American workers I am increasingly sour with them engagement compensation, according to a survey released Monday by the New York Federal Reserve.

In its Survey of Consumer Expectations, Labor Market Survey for July, the regional Fed the bank said that since last month, “satisfaction with salary compensation as well as non-salary benefits and promotion opportunities at respondents’ current jobs has deteriorated.”

In July, 56.7% of respondents said they were satisfied with their pay, compared to 59.9% who had a similar opinion in July 2023. Satisfaction with benefits fell to 56.3% from 64.9% in the same time period, while satisfaction with future career improvement fell to 44.2% of those surveyed, from 53.5% in July 2023.

The survey noted that the drop in satisfaction was concentrated among women, those without college degrees and those earning less than $60,000 a year.

The survey found a small increase in those planning to move to new jobs, with 11.6 percent of respondents saying in January they planned to find a new employer, compared to 10.6 percent who felt way in July 2023.

A large number of 4.4% of respondents they said they expected to lose their job, up from 3.9% in the survey a year ago, even as a growing number of respondents expecting to receive at least one job offer in the next four months rose.

The report also looked at the state of workers’ so-called reserve pay, which is what potential new hires say should consider taking a job.
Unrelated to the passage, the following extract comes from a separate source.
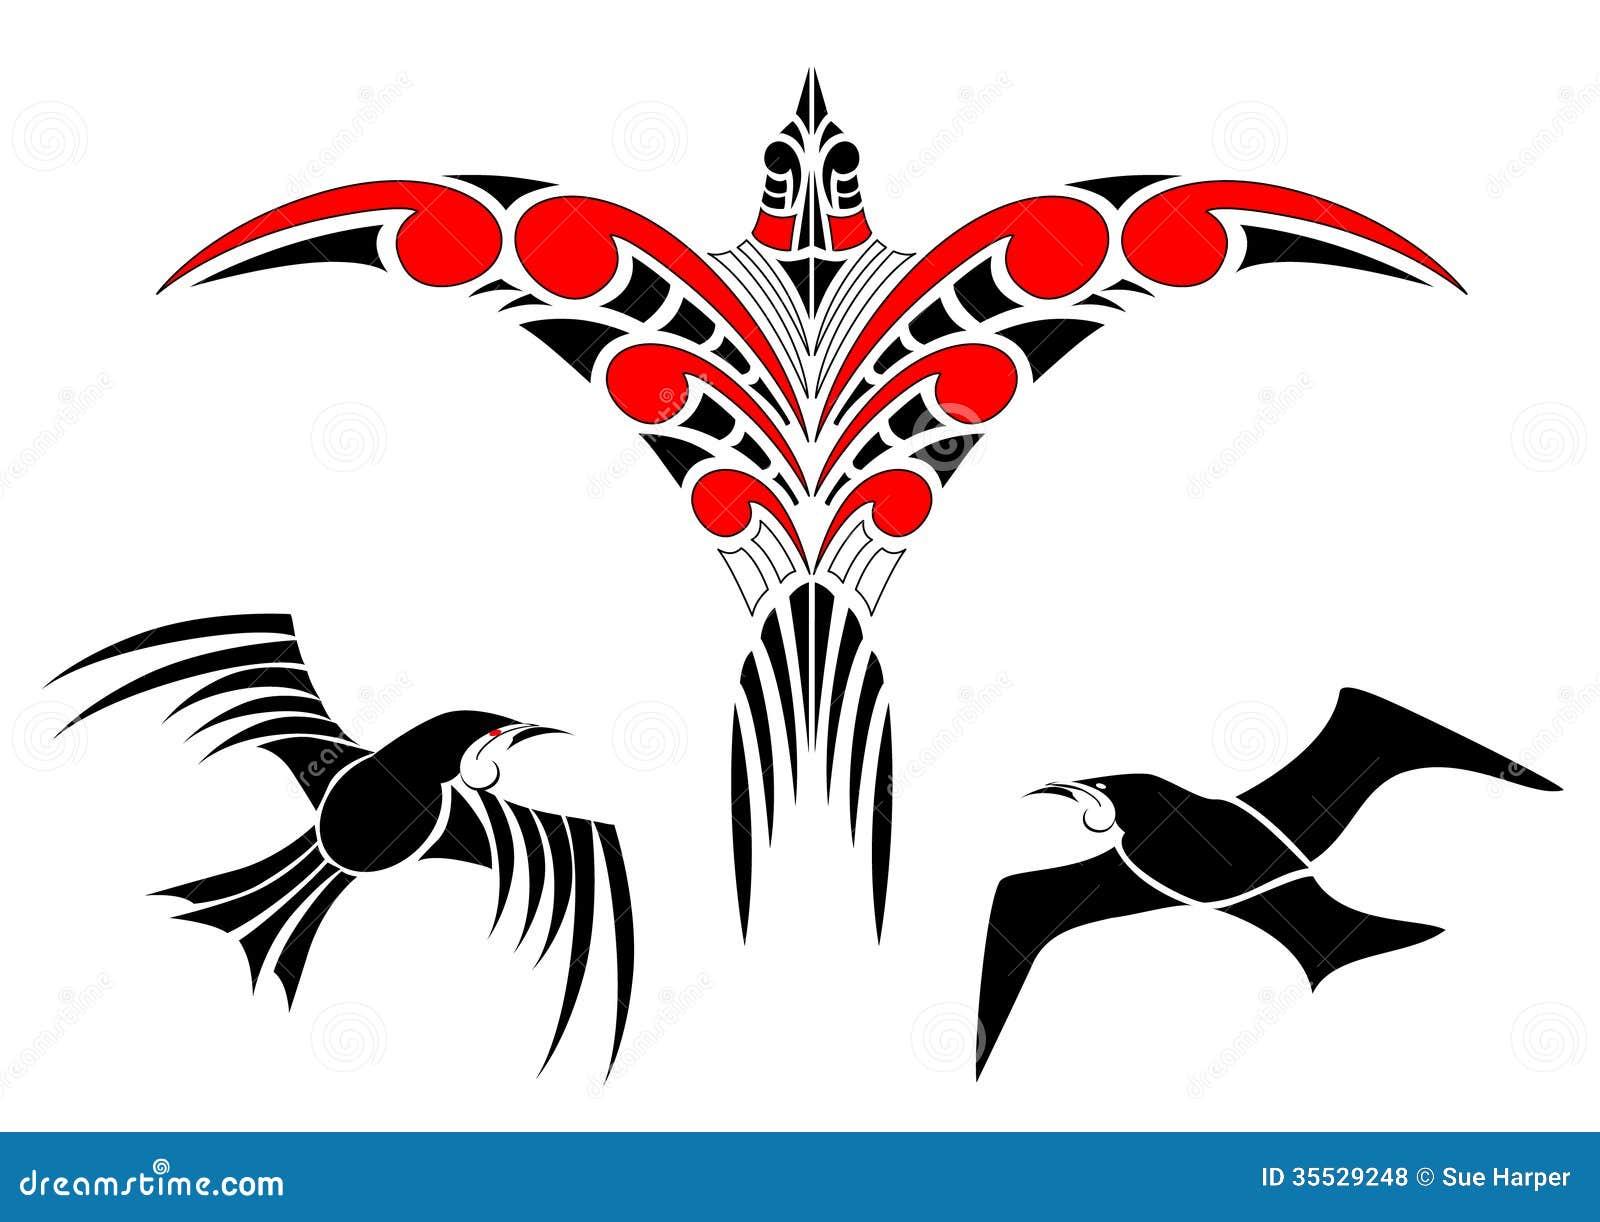 Maori Koru Bird Designs With Tui Royalty Free Stock Photos
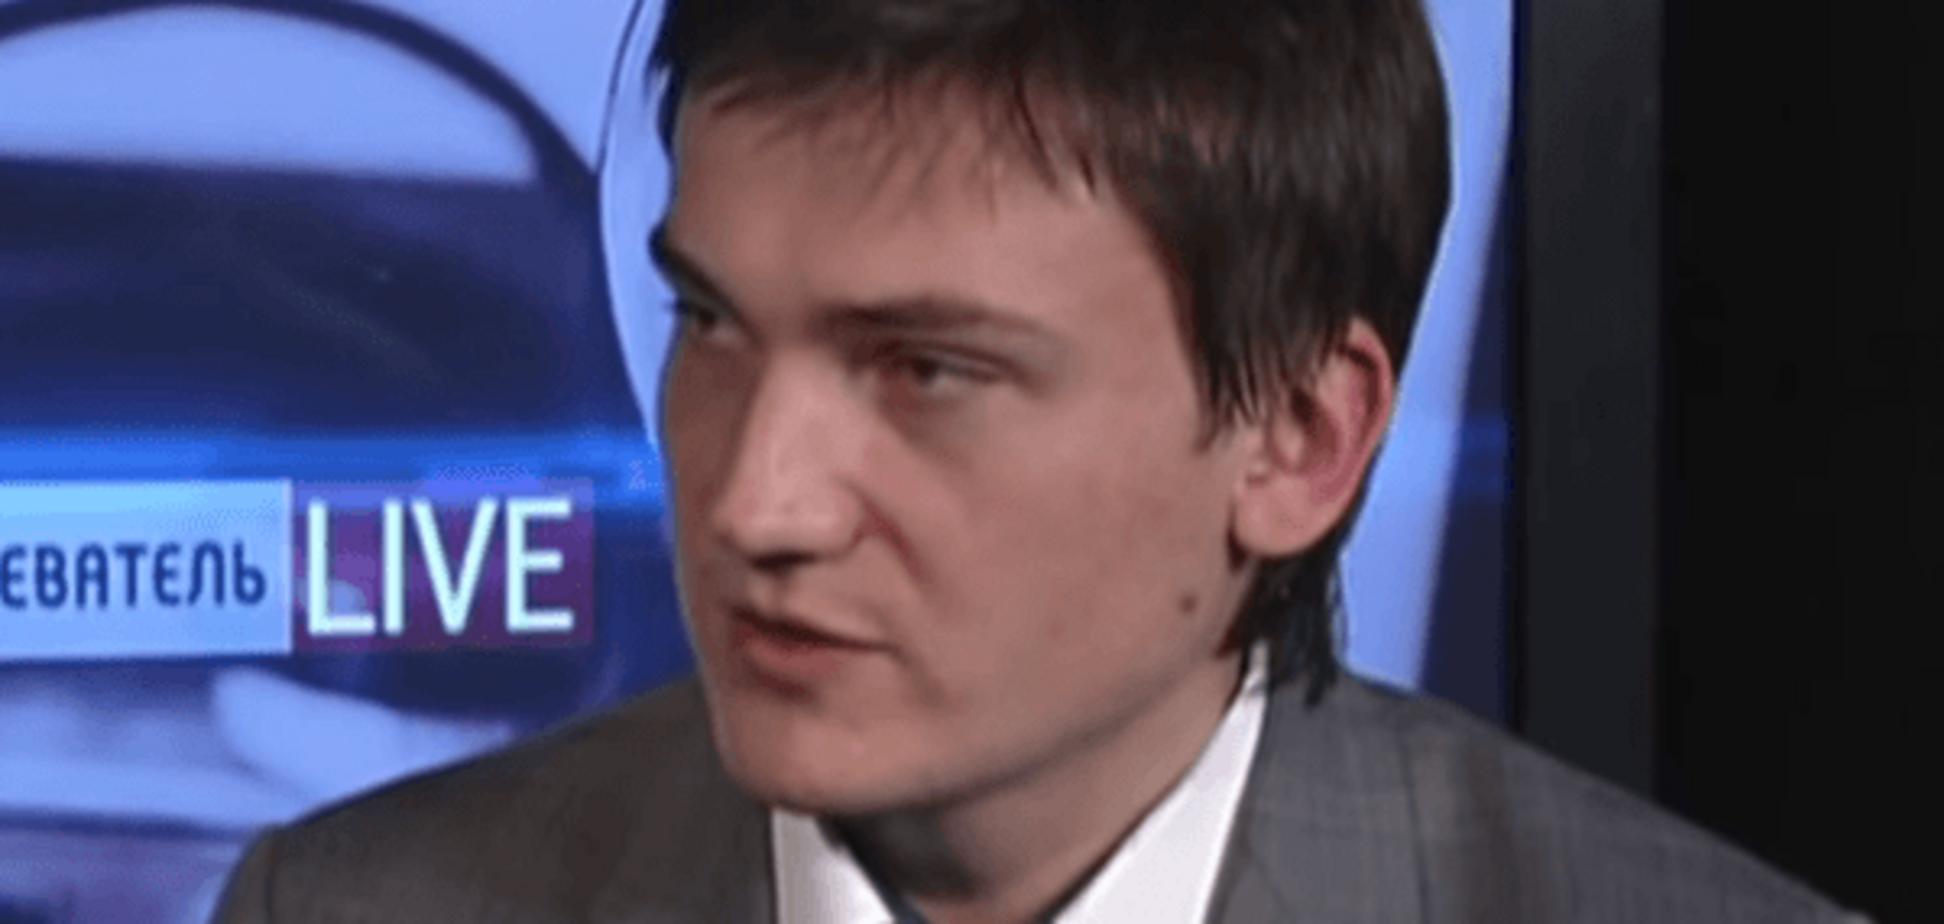 Наповнити бюджет України можна за рахунок емігрантів - економіст

That wage has skyrocketed in recent years amid tight labor markets and high levels of inflation.

The reservation wage was $81,147 in July, down slightly from the previous quarter’s record high of $81,822, but up considerably from the $78,645 reported in July 2023. Contrary to what workers say they have to accept a job, the expected salary offers for a new job decreased. to $65,272 in July from $67,416 a year ago.

The The New York Fed said in a separate blog, the increase in reservation pay in recent years looks high, but is more modest when the increase in inflation is taken into account. While wages rose 31.4% between March 2020 and July this year, they rose 8.2% when adjusted. for inflation, after falling in real terms over the previous four years COVID 19 pandemic.

“This shows that while some of the increase in respondents’ reserve wages is due to inflation, there has still been an increase in the minimum compensation respondents require to accept new job offers in real terms,” New York Fed the economists wrote. They also noted that in real terms the reserve wage has settled and remained virtually flat since early 2021.

working-class growing dissatisfaction with their compensation and employment opportunities coincides with falling inflationary pressures and an increase in the unemployment rate.